FWIW, basically everything the service does is a user module thing, I don't think we could really split that up much apart from separating login and logout.

> Given we log separately here, do we need the logging to be done in the finalize service itself? I think we could take that out of the service and callers are responsible for logging if they want to.

I can see an argument for both options. Ensuring that each login is properly logged seems important from a security perspective, so it seems sensible to do it in the API. But separating would avoid duplicate logs and logs could be more specific.

smustgrave’s picture

So this is something that should still move forward?

catch’s picture

I think we shouldn't have events *and* hooks for the same thing, so is the proposal to replace the existing hooks with an event and the sole API for finalizing login/logout would be to invoke the respective event?

I think what @longwave meant here was that the methods added here would be a wrapper around the even dispatcher, and the implementation would move into the event - e.g. the logging could then be its own event listener which a site could remove if they wanted to. I haven't thought through the impact of this myself yet.

cmlara’s picture

Speaking as a voice for contrib that interfaces with authentication.

My reading is that user_login_finalize() is currently public API and that it is intended to be called whenever a module wishes to indicate a user has logged-in and user_logout() is intended to be called whenever we wish to logout a user no matter how they were logged into the system.

Both of these global functions currently perform double duty, where they trigger actions for contrib to act upon and they setup/tear down User module internal information (setting the user in the session).

I recently mistakenly thought user_login_finalize() was only used for session based auth and that all others would provide their own authentication provider event listener, however in TFA we recently encountered a bug (due to our increasing security) that forced me to realize the user_login_finalize() method is called by modules that perform external authentication, ref #3426189: 2.x-dev incompatible with other modules calling user_login_finalize().
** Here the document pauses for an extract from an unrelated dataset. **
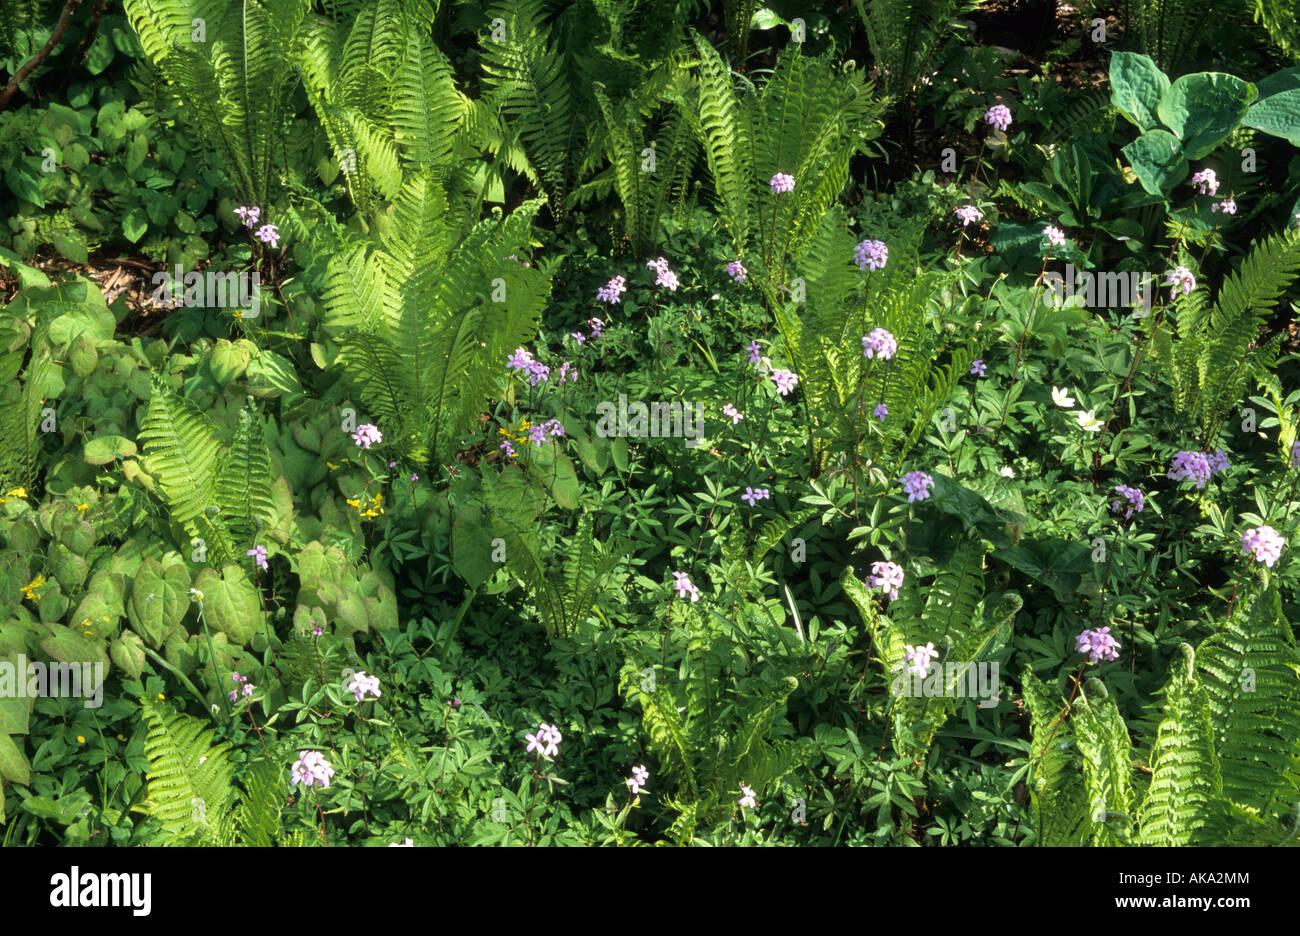 Piante Da Giardino Ombroso ombroso bosco piante da giardino matteuccia felce penna

This raises the question what is the future vision for this new service? Is it intended to only be used by the user module and the rest of us should invoking the hooks ourselves or is it intended to still be called by 3rd party contrib to 'log in' a user?

If its intended to be used by the user module only than I would suggest the deprecation should be changed to indicate these methods have been deprecated with no direct replacment, the user should instead call the necessary hooks/events themselves. The service may not even be necessary if the actions can be done in-line.

If its intended to be used by contrib than I believe we need to either put this on an interface or at a minimal make the class non-final to allow it to be mocked in unit tests. If the class stays final with no interface a helper trait (that provisions it in a dummy mode) for unit tests would be helpful to avoid boilerplate code in contrib. Addtionaly it would likely be helpful if the User module specific items (setting up a session with the UID set) are moved outside of the service and instead done where elsewhere.

From a TFA maintainer standpoint:
Having this as a service that could be decorated would allow a long term cleaner fix to #3426189: 2.x-dev incompatible with other modules calling user_login_finalize() and allow us to be involved in more locations to provide enhanced security.
Having this as internal we could likely provide our own authentication provider and cleanup some of our code. It would probably make intercepting the login form more complicated however I doubt it would be a blocker.

In either case I do agree that user_login_finalize() and user_logout() should be be removed from procedural code.

Tagging as related to #2901795: Facilitate 2FA+MultiFactor compatibility (2FA/two-factor -> MFA/multi-factor) as user_login_finalize() and replacements impact the MFA ecosystem.

solideogloria’s picture

Glad to see there's an issue for this. I was going to open an issue if there wasn't one already.

smustgrave’s picture

Status: Needs review » Needs work

Only moving to NW for the open threads from @catch on the MR.